At the hospital, Andersen, a former Marine who fought in Afghanistan, was confronted by former Teller County Sheriff’s detective Anthony Matarazzo and Colorado Springs police officers Vito DelCore, Todd Eckert and Carlos Sandoval, who asked for Andersen’s fiancee’s phone, the complaint stated.

They claimed to suspect there was evidence of child abuse on the phone, according to the complaint.

When Andersen refused to give the officers the phone, they grabbed him by his wrists, threw him on the ground and Tazed him twice, the complaint alleged. The officers arrested Andersen on suspicion of resisting arrest and obstruction, although the case was later dismissed by the El Paso County District Attorney’s Office, according to the complaint.

No child abuse charges were filed, said Andersen’s attorney, David Lane.
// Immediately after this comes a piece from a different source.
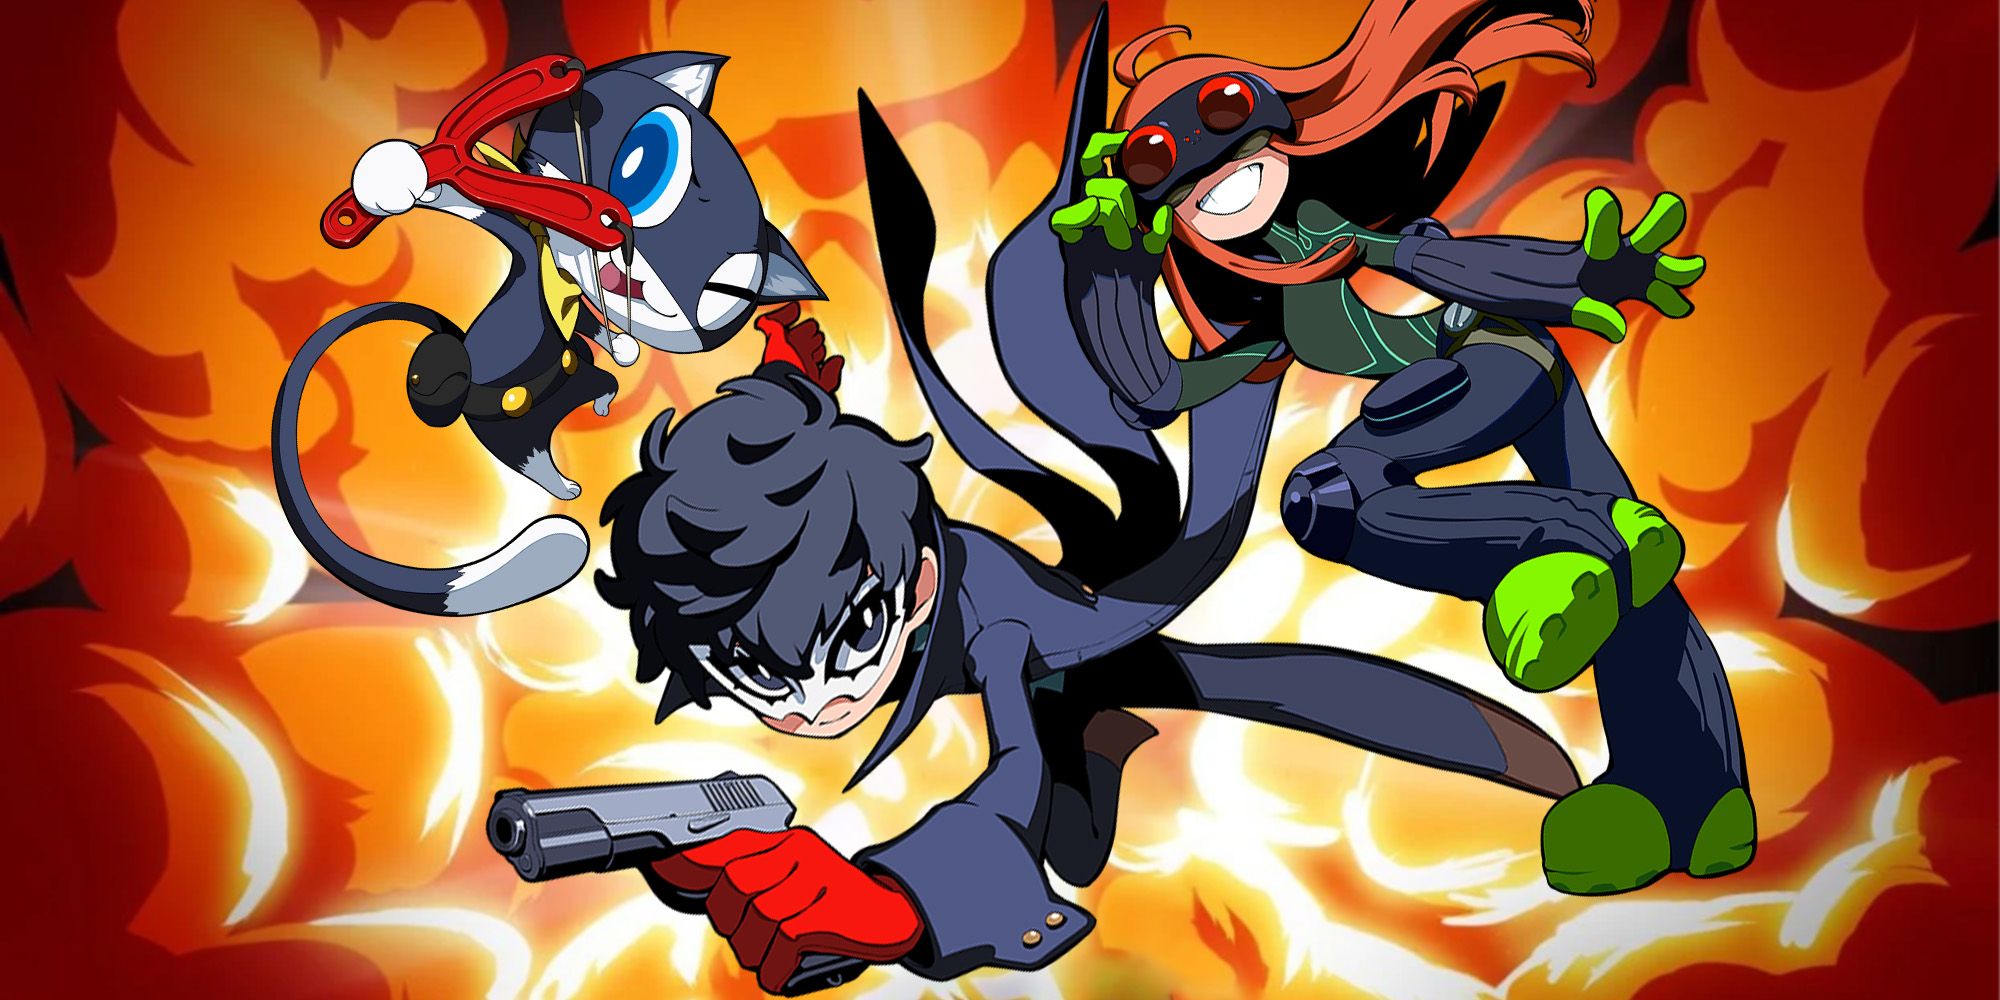 Persona 5 Royal: Every Party Member, Ranked

In police body-worn camera footage, Andersen’s father, who was also in the hospital room, is heard saying to officers: “This is not right—gentlemen please.” DelCore is then heard telling him that he is also going to be Tazed.

“The officers used this violent force and unlawfully arrested Mr. Andersen despite the fact that they had no reasonable suspicion or probable cause that he had committed any crime, while he was unarmed, was acting lawfully, was remaining calm, and did not threaten any officer,” Lane said in a written statement.

The complaint also alleges the city of Colorado Springs and Teller County failed to properly train officers on how to conduct a lawful seizure, search or arrest and failed to discipline its officers following the incident with Andersen.